Every sandlot league in the country has a player like San Francisco closer Rod Beck: junkyard body, Fu Manchu mustache, long hair, loves to pitch. Beck himself was playing in one such league, the California Baseball Association, as late as the winter of 1988. At the time, he was in the Giants' organization, and playing in the league put him in violation of his exclusive pro contract. He did it—as a second baseman under the assumed name of Rod Roy—because, he says, "I just love to play baseball. People knew who I was. No one told."

People now know Beck, 25, as the best reliever in the National League. At week's end, he was 2-1 with a 1.52 ERA, 33 saves and 64 strikeouts in 53‚Öì innings while walking only four batters unintentionally for the Giants, the team with best record in baseball. The 33 saves is a club record, and his string of 24 saves without a blown save, which ended on Aug. 4, is a league record. "I expect this from myself," Beck says of his success. "I don't know where the strikeouts have come from, but the walks, I can do better than that."

Two years ago no one would have expected anything like this from Beck. He was picked by Oakland in the 13th round of the 1986 draft and was traded to San Francisco in March 1988 for pitcher Charlie Corbell, who injured his arm that year and never pitched again. Beck was a successful starter in the minor leagues but bombed when the Giants called him up briefly in 1991. They then sent him to Triple A Phoenix to learn to be a closer. "I was real confused," he says. "I thought they'd given up on me." Beck made the Giants' roster in 1992 as a middle reliever and pitched so well that he was named the team's stopper in June. Since the '92 All-Star break he has had, as of Sunday, a 1.30 ERA and 42 saves in 81 games. He also made the All-Star team this year.

Beck has all the necessary tools to be a closer: a 90-plus-mph fastball, a nasty slider, a darting split-fingered fastball and terrific control. Beck even looks the part of the unhittable reliever, with his menacing mustache and stare, and his unruly hair. "People think I look like this because I'm the closer now," he says. "I've looked the same way since I was 16."

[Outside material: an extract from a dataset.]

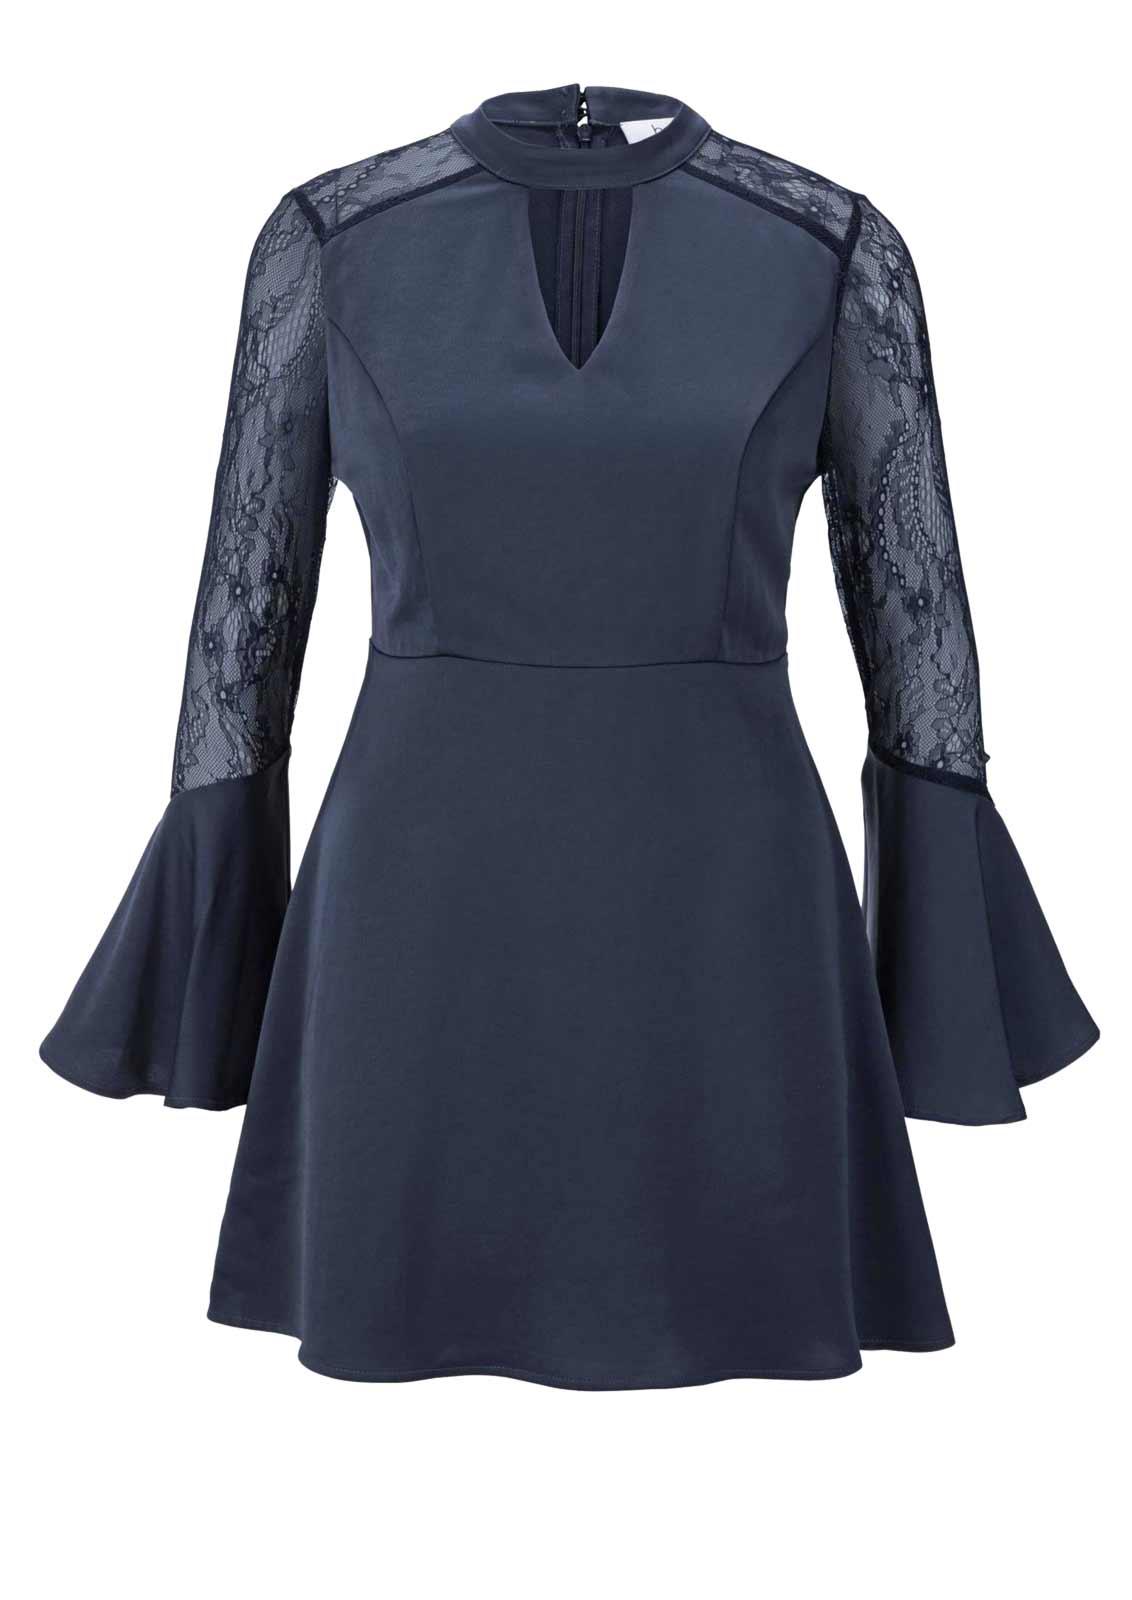 Ausgefallene Bluse Damen elegant dunkel blau mit Stehkragen Langarm HEINE Missforty
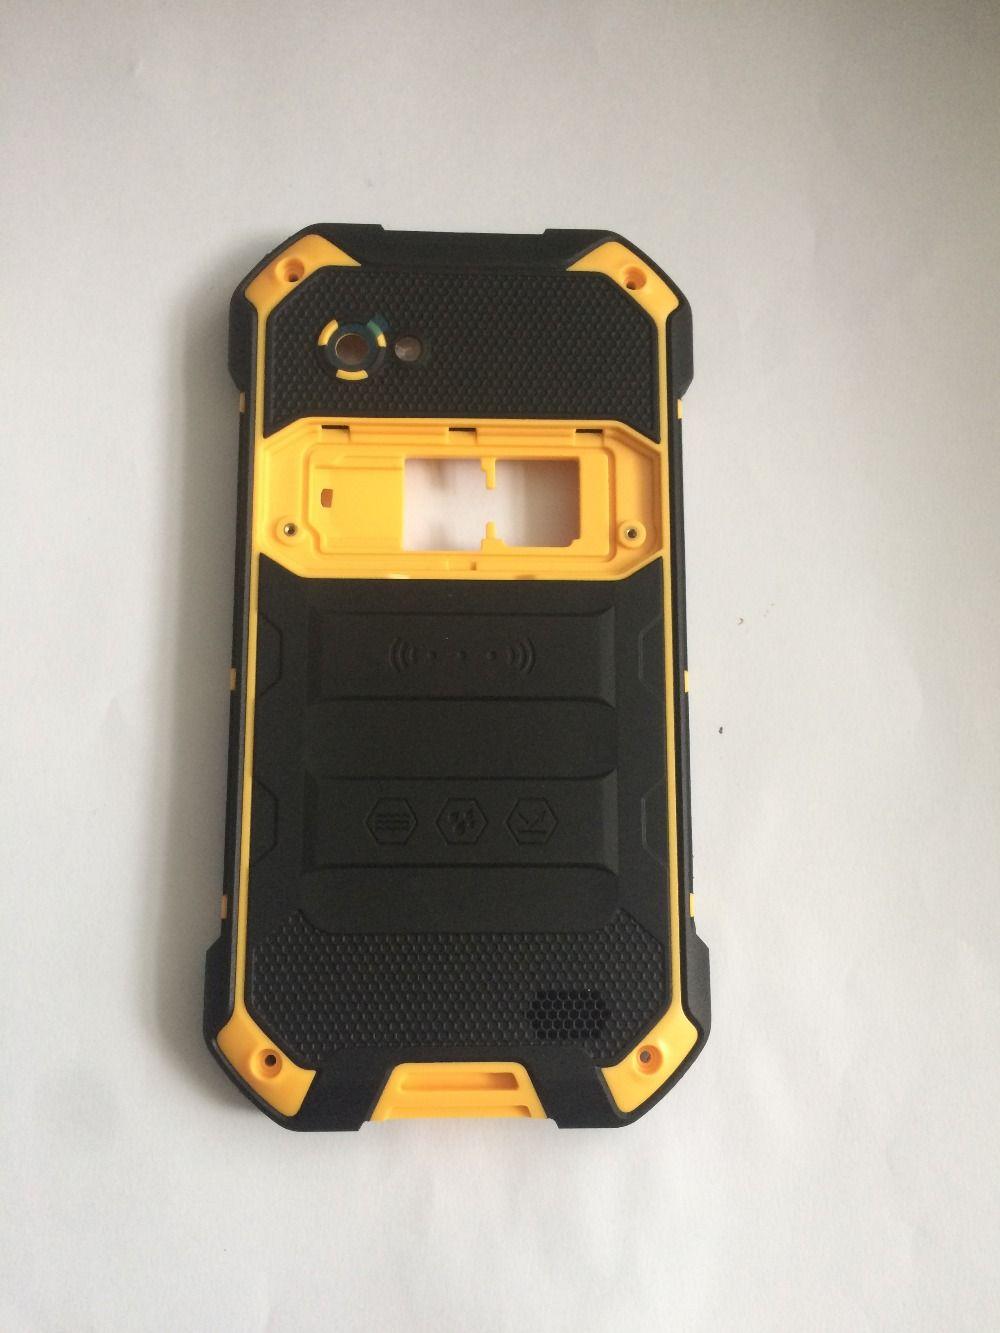 New Blackview BV6000 Battery Cover Back Shell+Loud Speaker For Blackview BV6000S Phone Free shipping+tracking number

Beck is 6'1" and weighs 236 pounds, which includes a noticeable gut that he is kidded about regularly. He weighed 247 pounds and had a body-fat percentage of 25.5 when he sought the services of fitness guru Mackey Schillstone in the winter of '91. Six weeks later Beck was 230 pounds, and his body fat was down to 14.7%.

Once labeled a player with a weight problem, he's now seen as a throwback, a guy who loves to pitch, especially when the game's on the line. "I'll throw every day," he says. "If my arm hurts a little, I figure it will work its way out. If I had to pay $100 for this uniform, I would. That's just the way I've always been."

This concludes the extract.